An age of disbelief: Con men thrive under the garb of religion

Swami Agnivesh & Valson Thampu

If I had a guru, and I am looking for one, I should surrender myself body and soul to him. But in this age of unbelief a true guru is hard to find. A substitute will be worse than useless, often positively harmful. I must therefore warn all against accepting imperfect ones as gurus…Has a man ever learnt swimming by tying a stone to his neck? – M K Gandhi.

Godmen are in the news increasingly for the wrong reasons. Events reported shock us for a while. Public memory being proverbially short, in a few days we leave behind the scandal and get back to business as usual. Till the next scandal breaks out, Then the next. And the next…So the tamasha of gurudom continues.

This need not surprise us. What should surprise us instead is the eager readiness of individuals, even highly educated ones, to surrender themselves to the conmen of religion. Con men thrive under the garb of religion when people abandon God. The godmen syndrome is a symptom of godlessness, not of religiosity. Godmen have as much to do with God as rock gardens have to do with flowers.

Why do people flee from God to godmen? Why do they stick even to those con men who are fleeing from the arms of law? Why doesn’t the grotesque pathos of it move the rest of us to tears? Where have we misplaced our capacity for righteous indignation?

The answer may well be found in Gandhiji’s warning cited above. This could well be the punishment that an ‘age of unbelief’ invites upon itself. The necessary outcome of ‘unbelief’ is not atheism. It is cultism. It is not no-faith, but false-faith. The choice is not between trusting and not trusting God. The choice is between trusting God and surrendering oneself to godmen. It is an epochal imperative therefore that cultic con men and bogus godmen mushroom and commandeer hysterically zealous following in such an age. This does not prove the greatness of individual con men or the worth of teachings they mouth. It proves the sickness of the age in which we live.
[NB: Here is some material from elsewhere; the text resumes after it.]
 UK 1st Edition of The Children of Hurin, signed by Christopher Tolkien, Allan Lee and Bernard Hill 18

Gandhiji warned us a long time ago against ‘accepting imperfect ones as gurus’. A guru, by definition, is vastly superior to his disciples. Else the guru cannot command abject obedience and blind trust from those who cast themselves at his feet. By trusting these imperfect specimens of humanity, we degrade and consign ourselves to a level below that of their imperfection. Unwittingly, we invite irrationality, existential insecurity and a life driven and riven by falsehood, hypocrisy and moral anarchy. How else can the so-called followers of a godman now posture themselves aggressively against the arm of law?
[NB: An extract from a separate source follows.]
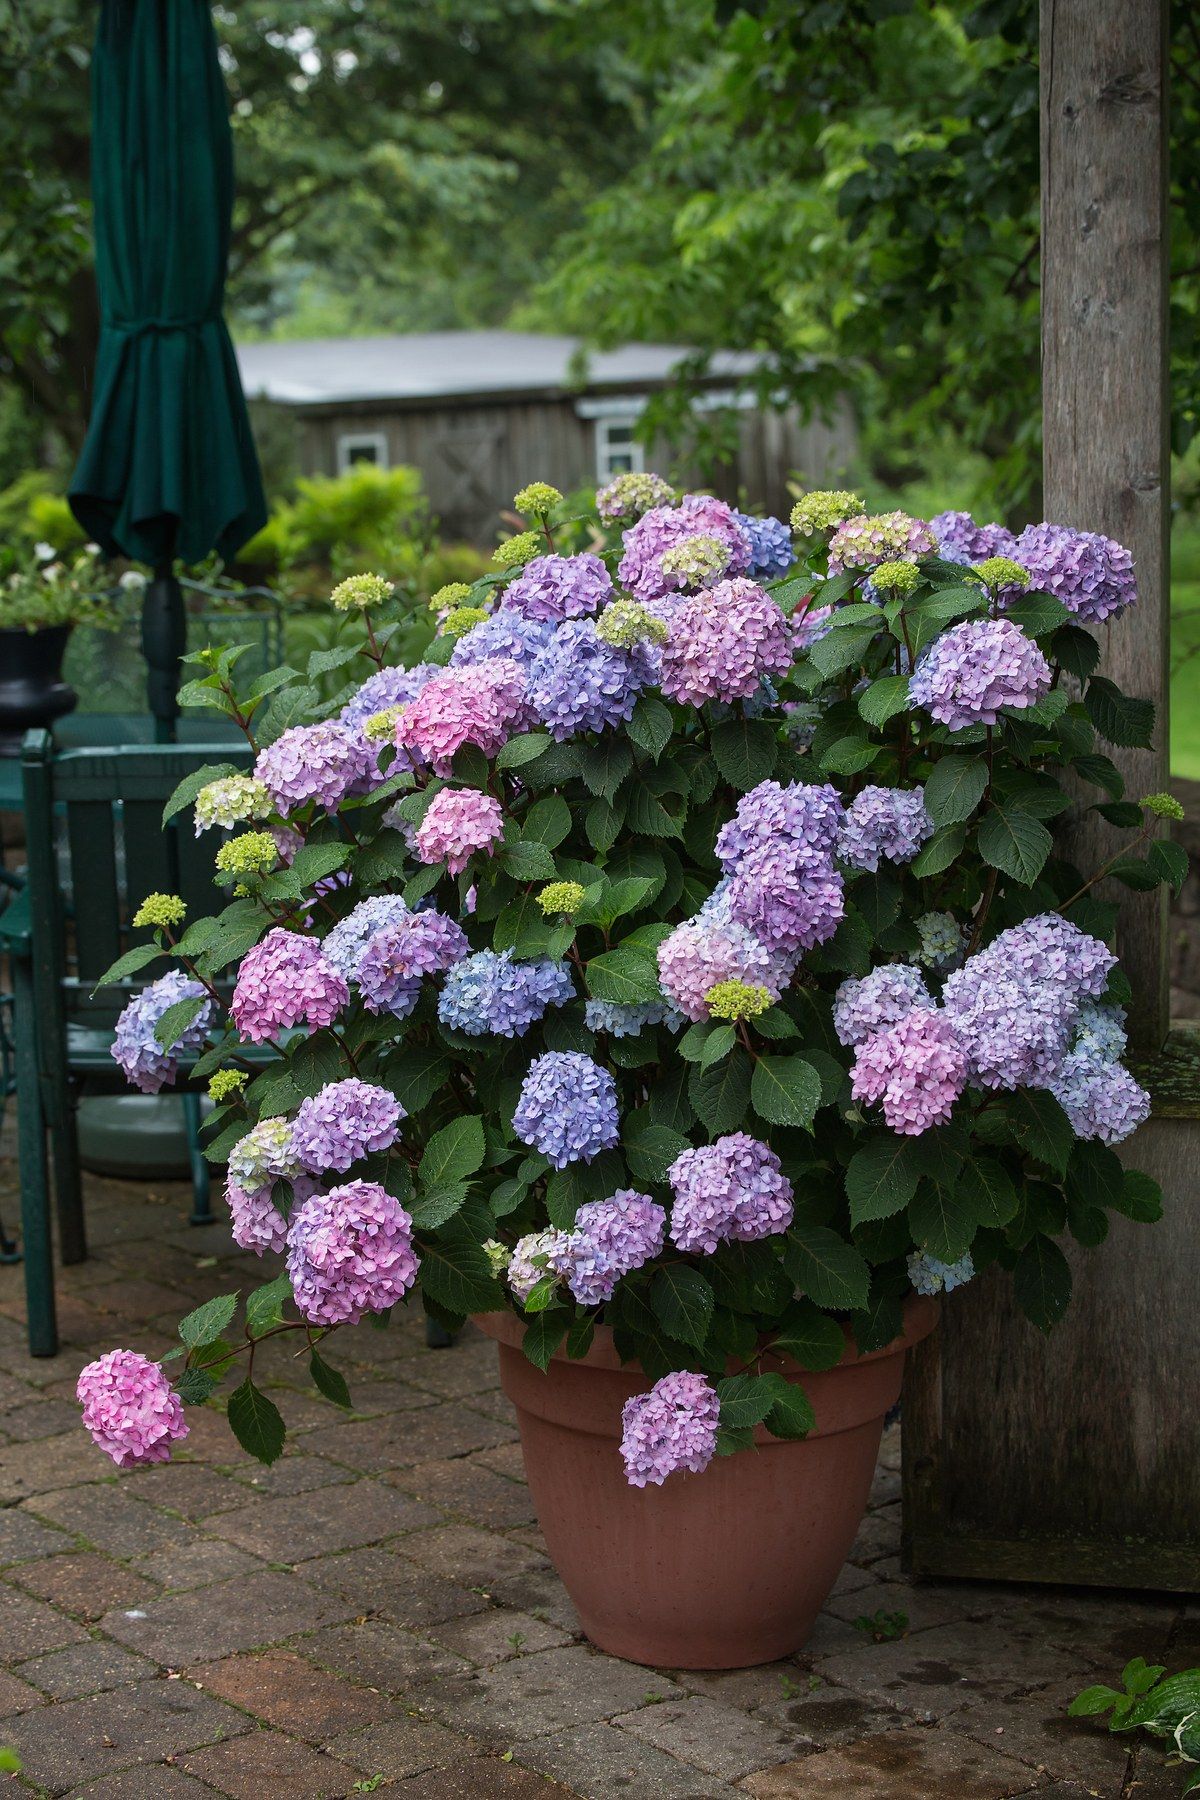 Potted Plants Outdoor “The Ultimate Guide to Potted Plants for Outdoor Spaces”

At the popular level God is likely to lose out to godmen, given the spirit of this age of unbelief. God is a growth-imperative. Spirituality is all about our growth towards the fullness of our scope as human beings. God is the light in this pilgrimage of personal development and empowerment. Growth of this kind is a demanding, even daunting, prospect. Godmen provide the cheap, alluring alternative. You don’t have to grow and assume responsibility for your destiny. All you have to do is abandon your life and destiny to the keeping of these men and women of clay. No godman or godwoman will ever ask you to outgrow your superstition or stupidity. As a matter of fact, human growth towards existential empowerment is bad news for godmen and godwomen. Growth eradicates the need to depend. It abolishes blind faith. Growth is the secret of freedom. God the Creator is also God the Liberator. In God alone, as all religions teach, are we truly free.